Gelarto's owners suggested that Ouimet build off of the original mural, which has been credited to local businessman Jesse Fishler, Ouimet said. Patch was not able to locate Fishler to comment for this article. Scott Richey, Gelarto's manager, told Patch that the business wanted to "preserve it as well as add to it."
Richey have also speculated that prolific NYC street artist Chico was responsible for the mural. Chico painted a 9/11 memorial mural nearby at Avenue A and 14th Street, which has since been partially covered with advertisements.
Ouimet decided to preserve a window of the 2001-era painting, and build off of it with his own work. He spent about a week cleaning up the wall, donning a Hazmat suit to clean the bricks of 16 years of detritus.

Ouimet said he hadn't planned on doing 9/11-related artwork, but when Gelarto suggested he build off what was already on Ninth Street, the idea came quickly.

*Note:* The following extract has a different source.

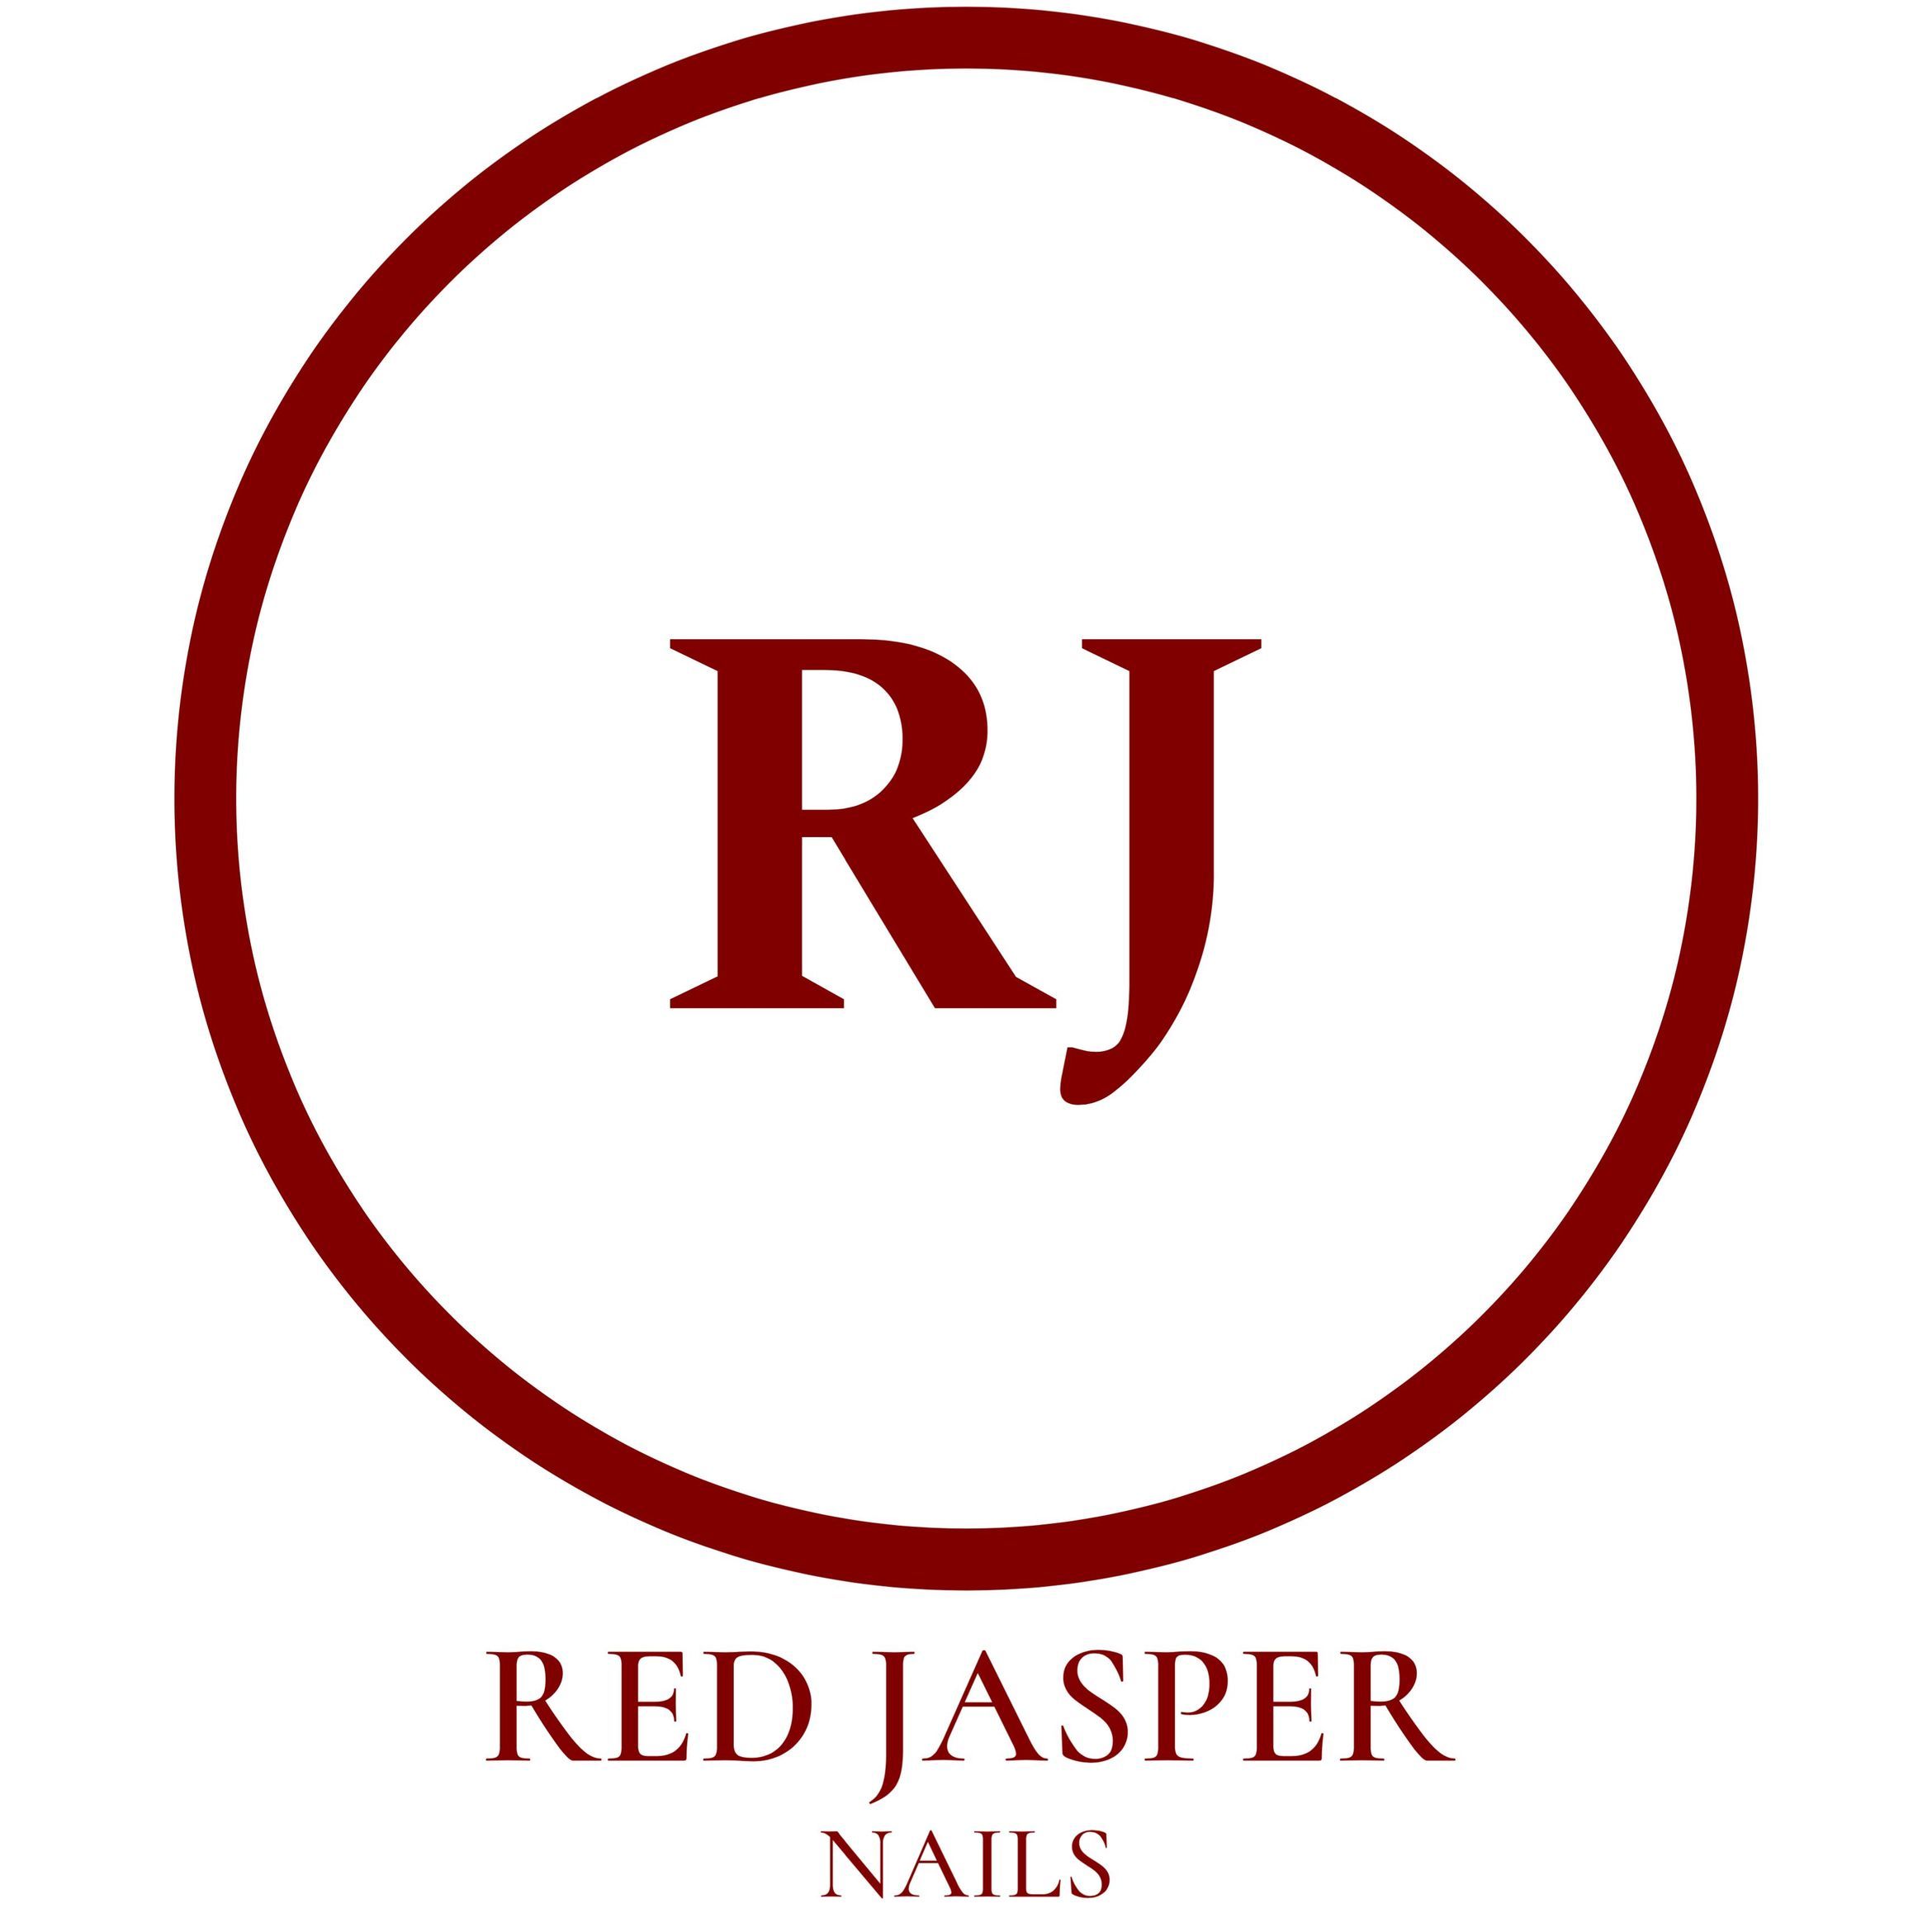 Red Jasper Nails, 2523 N Lincoln Ave, Chicago, 60614

"It was an immediate, immediate thought," he explained. "The days after [the attack] that the one thing that I remember clearly is I felt like I was frozen. I had no sense of movement, I couldn’t even wash dishes...and I started to think about movement and one thing I felt very in tune to in the weeks and months after was nature, and birds and dogs and animals."

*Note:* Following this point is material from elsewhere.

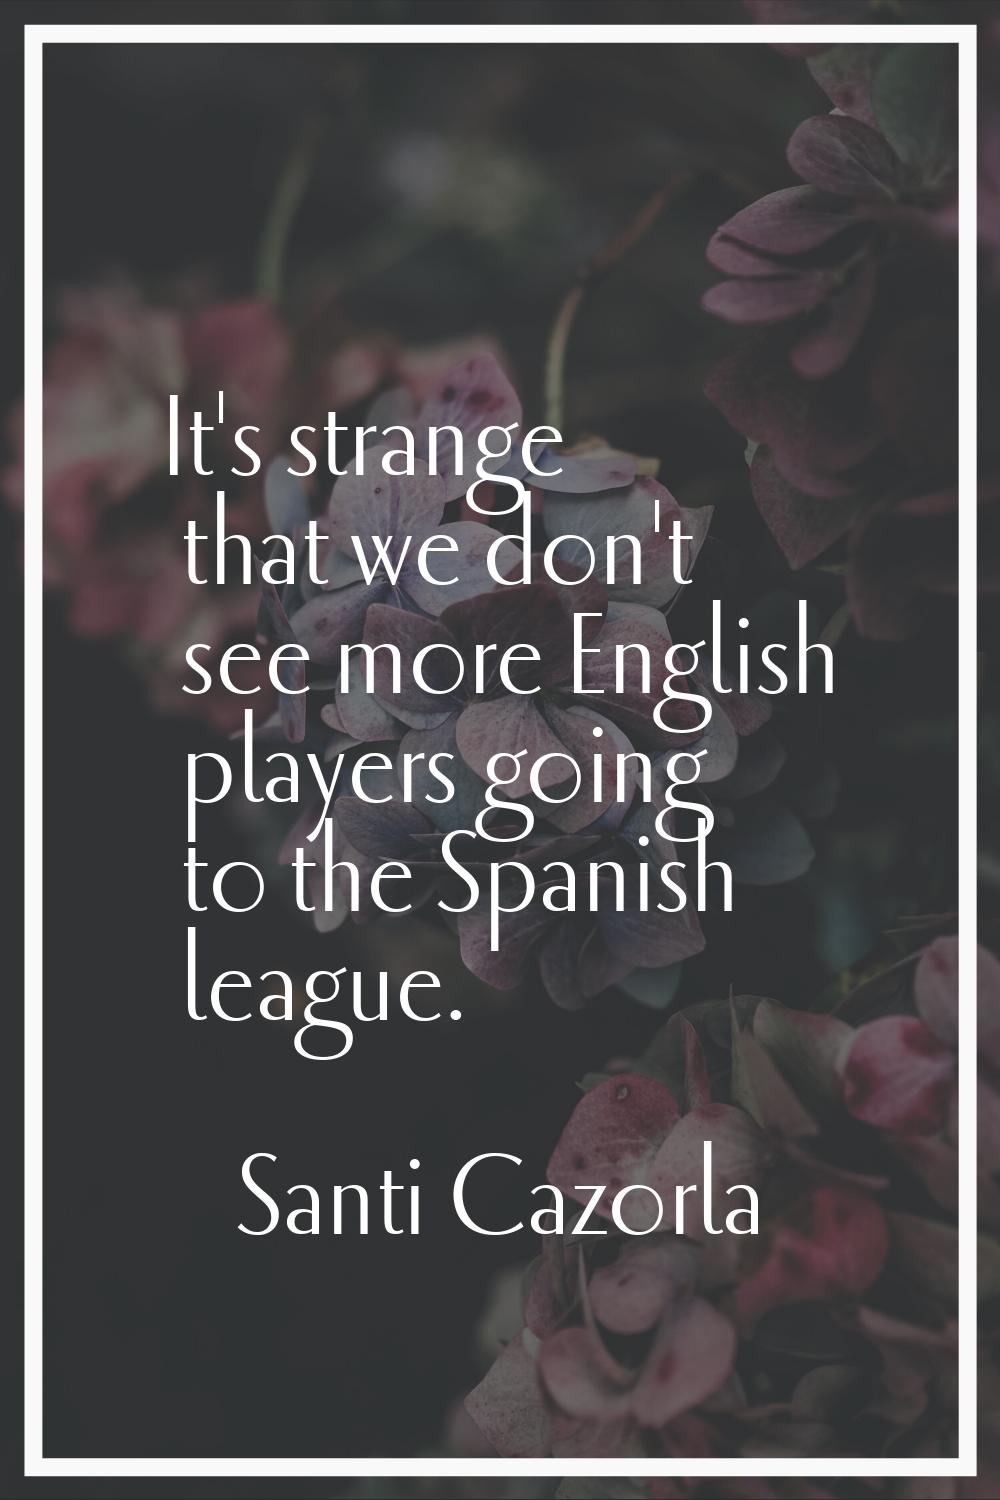 It's strange that we don't see more English players going to the Spanish league.

Ouimet's mural takes the original structure of the twin towers from the 2001 mural, and expands on the two columns using birds and fish.

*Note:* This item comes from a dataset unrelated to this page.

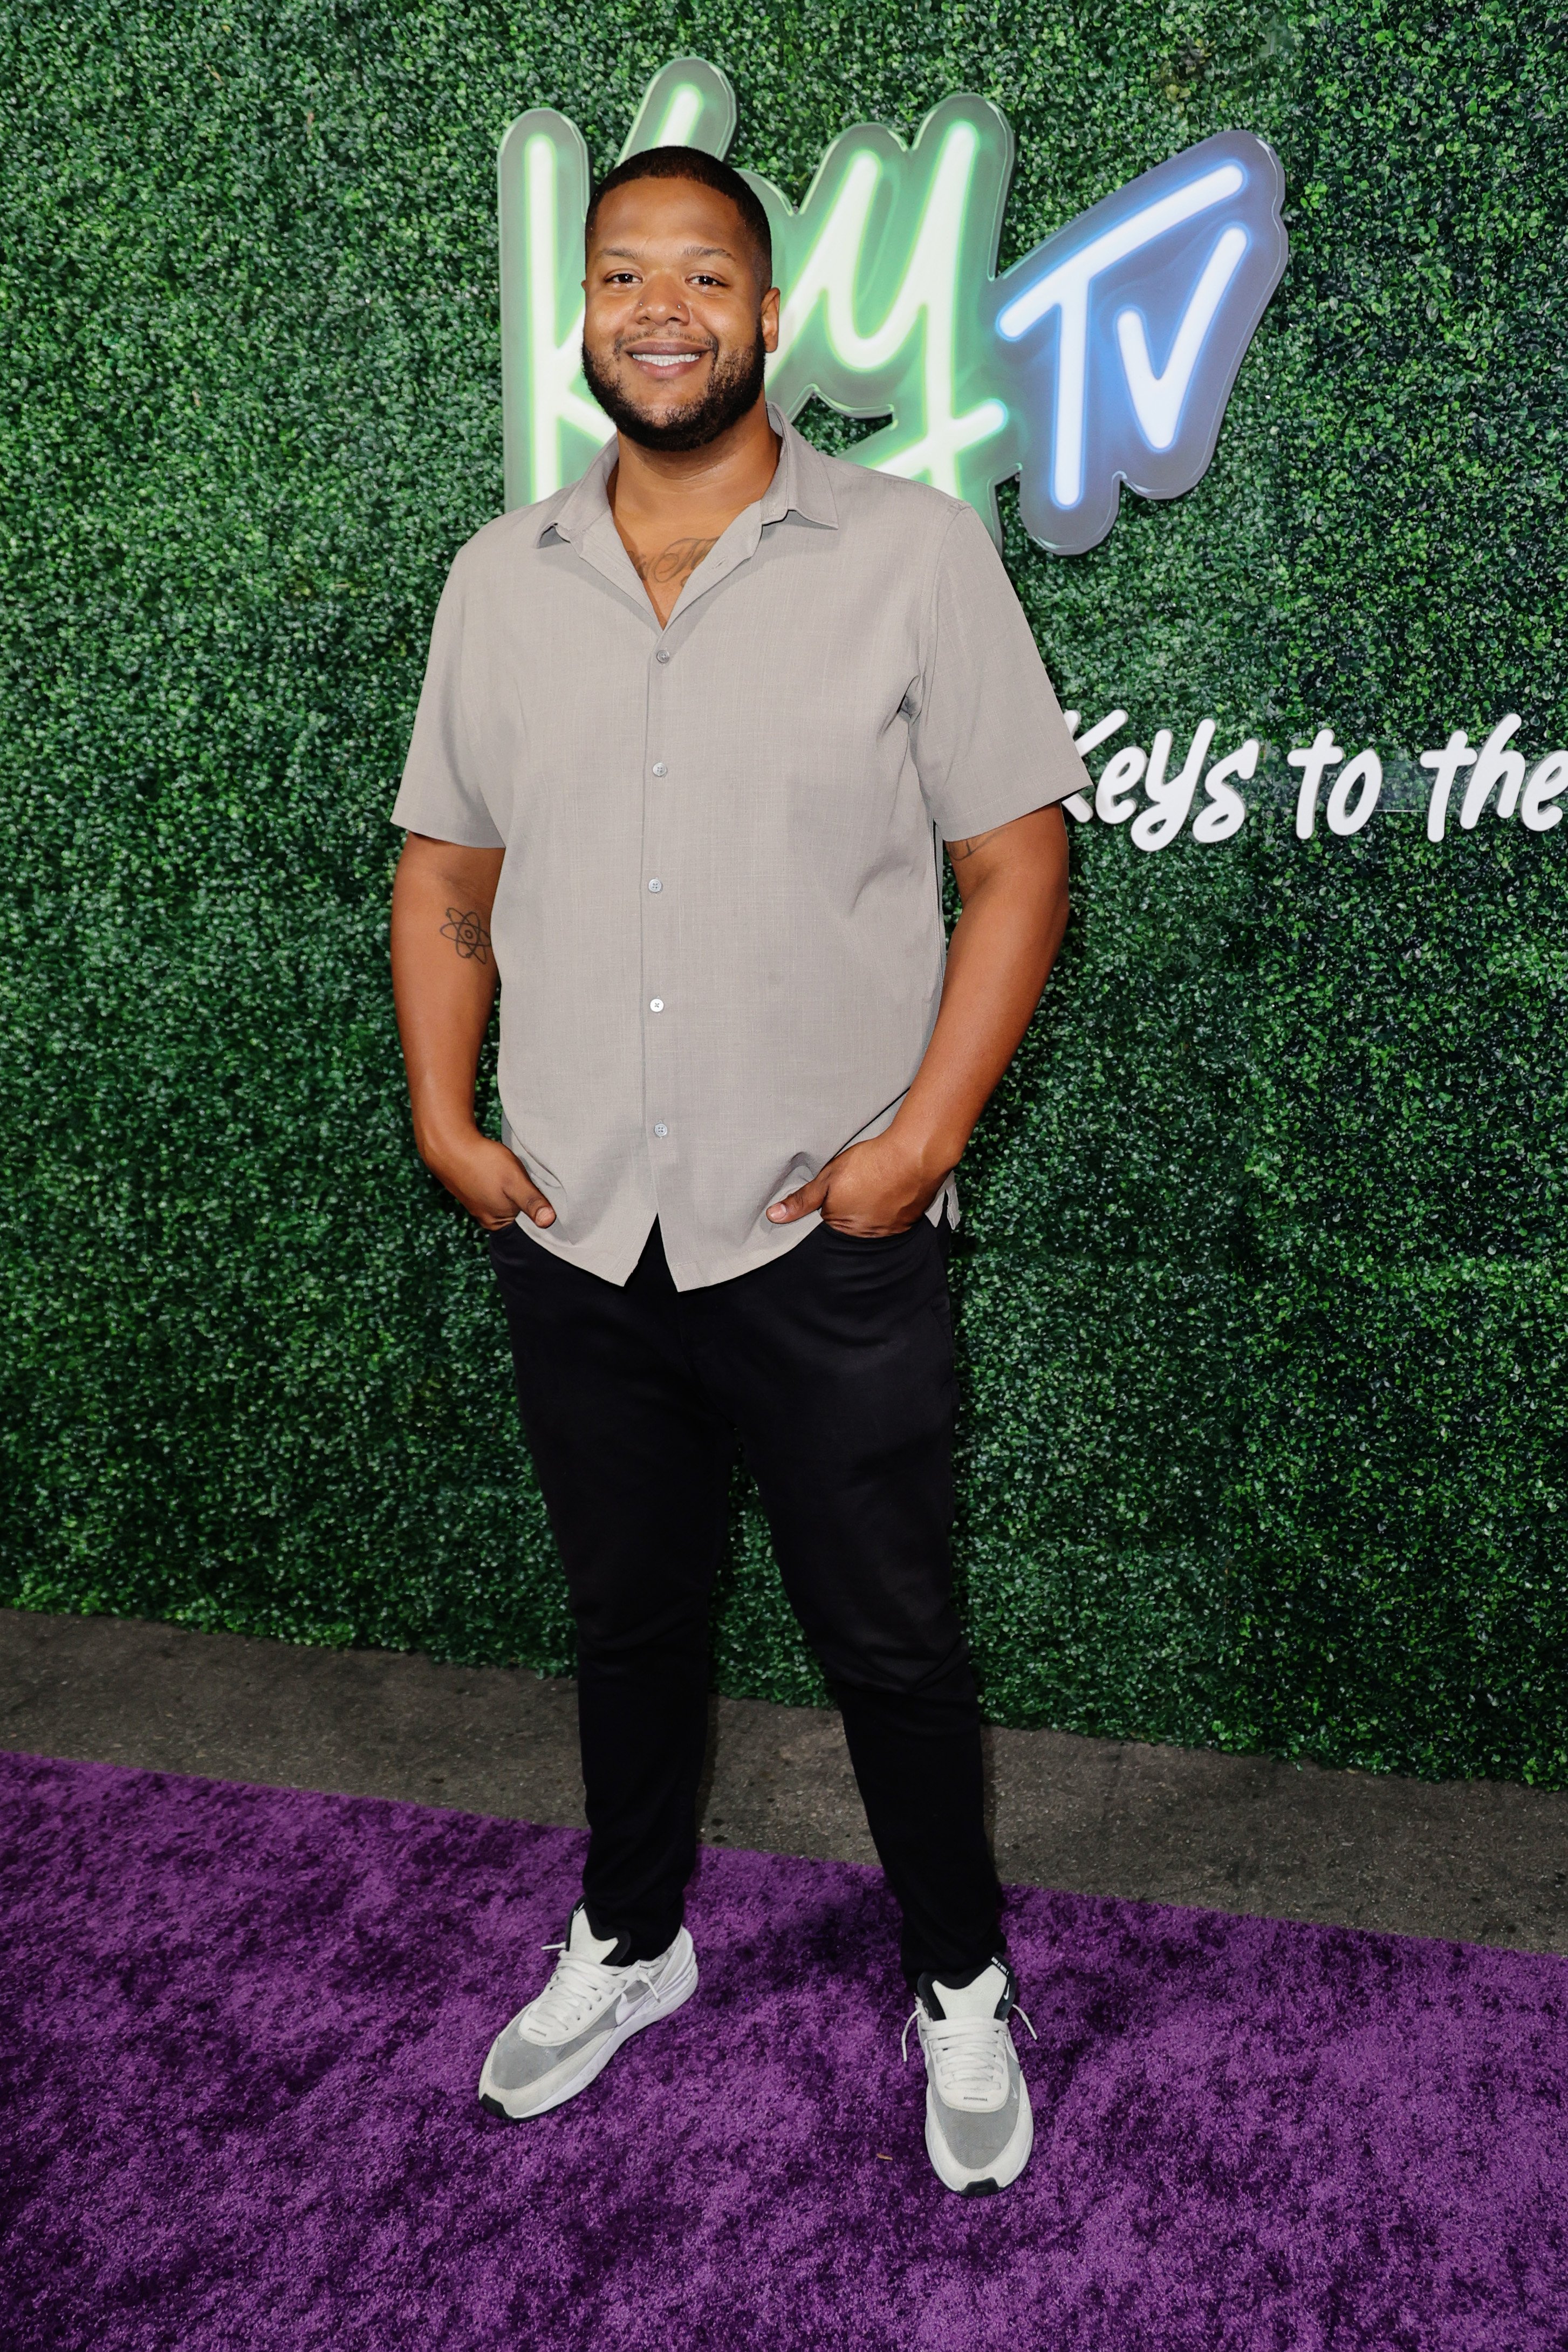 Khalid Jordan at the KeyTV Launch Party Celebration at The Millwick in Los Angeles, California, on October 13, 2022. | Source: Getty Images

Ouimet said he witnessed the terrorist attacks from his home on the Lower East Side in 2001, initially mistaking the first plane crash for a fire, as many observers did during the chaotic and confusing first minutes of the attack.
"When I saw the second plane coming I put the camera down and I realized it was something profoundly significant that was happening," he said.
After quickly developing to the concept for his own take on the original mural, Ouimet said he was influenced by conversations he had with passers by on the street while he worked, conversations which helped him to develop the mural's motif.
Ouimet painted the entire mural in a marathon session on Sunday, starting before dawn and completing the work later that day.